I'm not sure how common or uncommon this practice is; but the 1991 Amiga game 'Lemmings' used exclusively new arrangements of public domain music; including classical and folk pieces as it's soundtrack. It made this decision as it suited the feel of the game well (adding a driving worried feel, while still not being distracting for the puzzle game elements); and it cut the costs associated with having original compositions of anywhere near the complexity and quality of classical work. Pieces used included Mozart's Piano Sonata No. 11, Rondo Alla Turca and Dance of the Reed Flutes.

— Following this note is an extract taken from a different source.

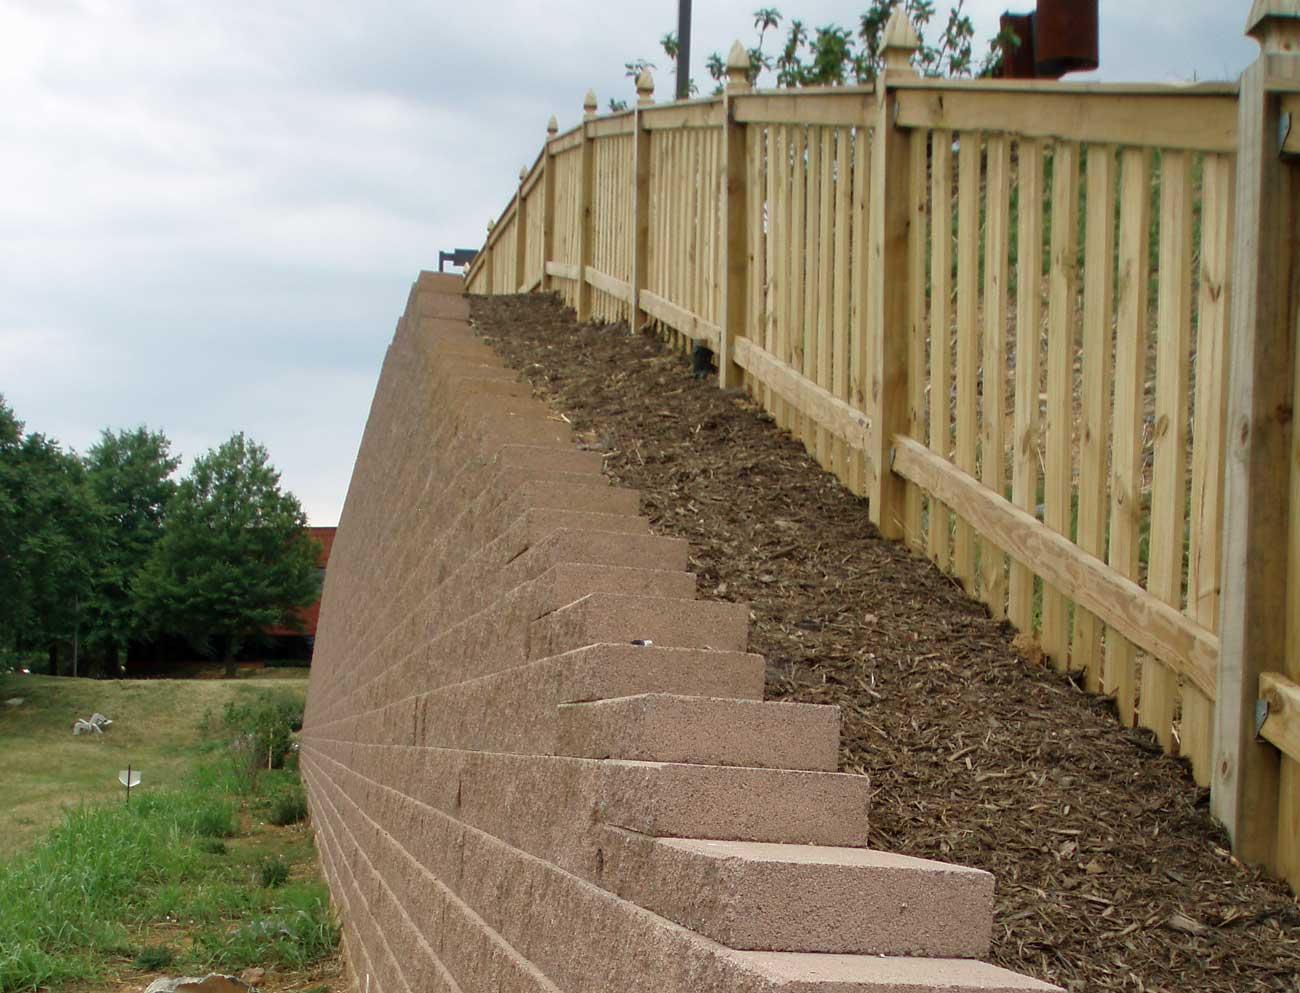 CornerStone Block Retaining Wall Hilton Garden Inn Capping
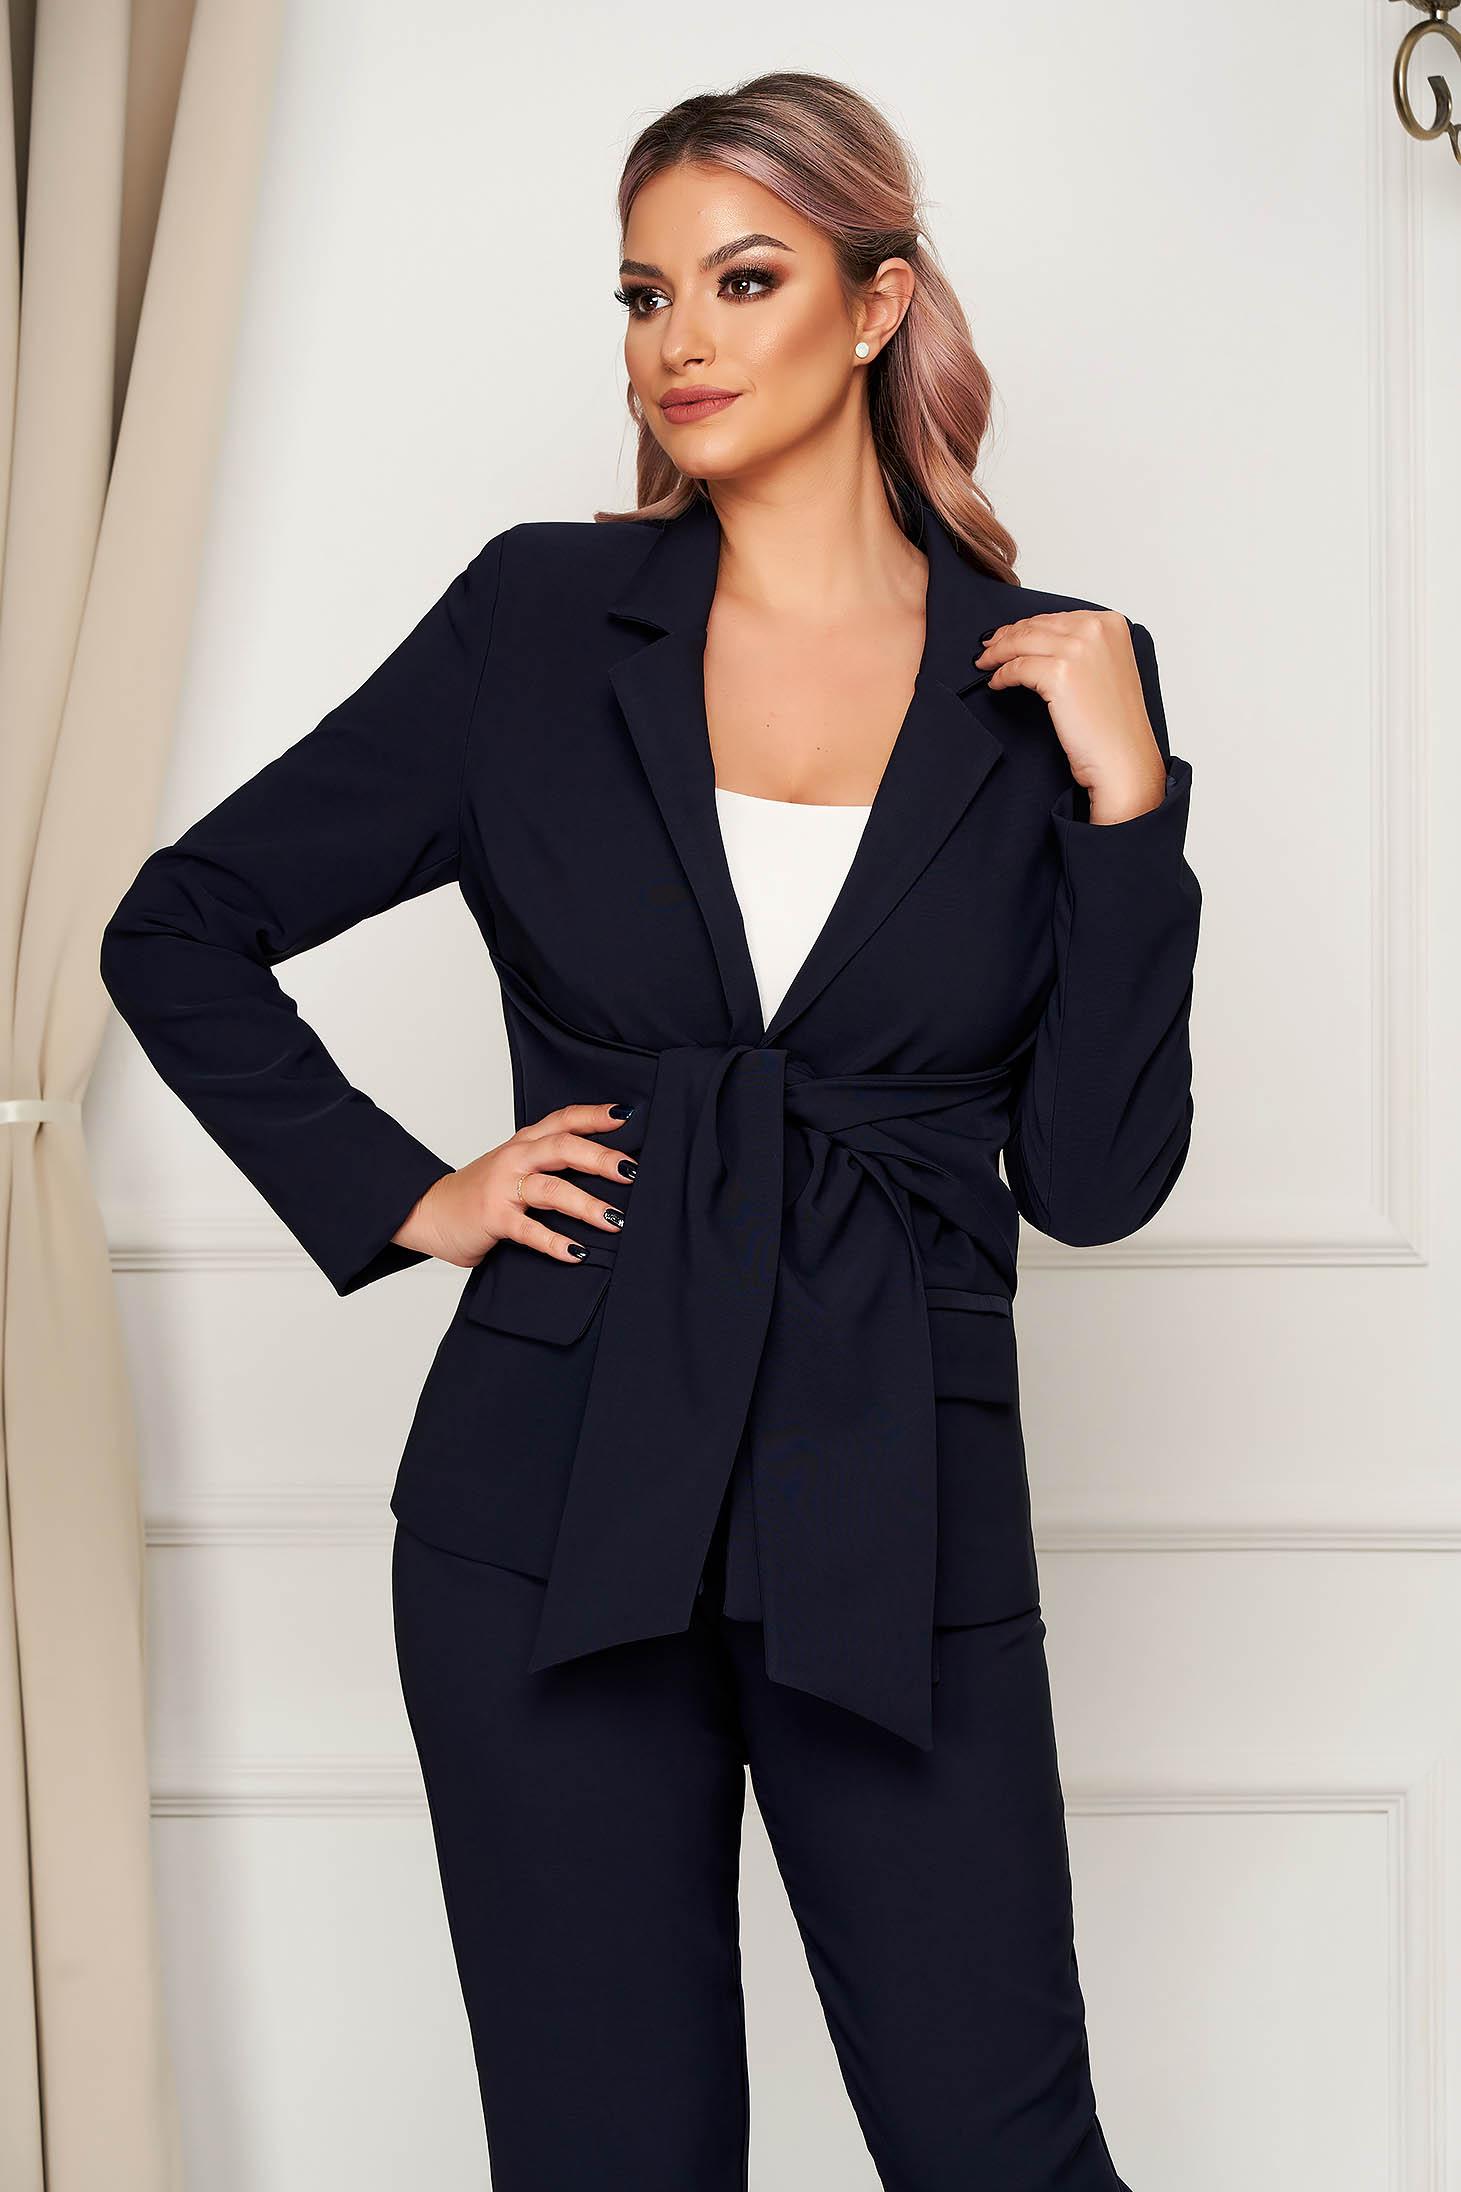 Darkblue jacket office straight slightly elastic fabric

Now I, as an independent game developer am considering making the same decision in a current game for iPhone; picking from musical pieces from before 1922 and making new recordings or midi arrangements of them for my game work, largely because I'm working mostly by myself with virtually no budget and nowhere near the musical training needed to make an original piece.

I'm looking for (1) thoughts on this tactic for game music and (2) suggestions on pieces for the mood I'm trying to create in this specific game work.

The game itself is a physics puzzle about properly directing a fireball to light torches. Calm puzzle with a bit of a touch of pyromaniac. Slow in tempo, yet a bit angry, I suppose.


----------



## Bcadren (Jul 14, 2013)

*bump* I guess no one cares to help?


----------



## Op.123 (Mar 25, 2013)

Hmmm.... Second movement of Beethoven's 4th piano concerto.


----------



## Nereffid (Feb 6, 2013)

"Manic Miner" on the ZX Spectrum was my introduction to Grieg... 

Some songlike slow movements from Haydn, maybe?
Symphony no.53 - II. Andante.
Symphony no.74 - II. Adagio cantabile.
Symphony no.94, "Surprise" - II. Andante.
Symphony no.101, "The Clock" - II. Andante.

The movement from the "Surprise" comes with its own explosions (so to speak).


----------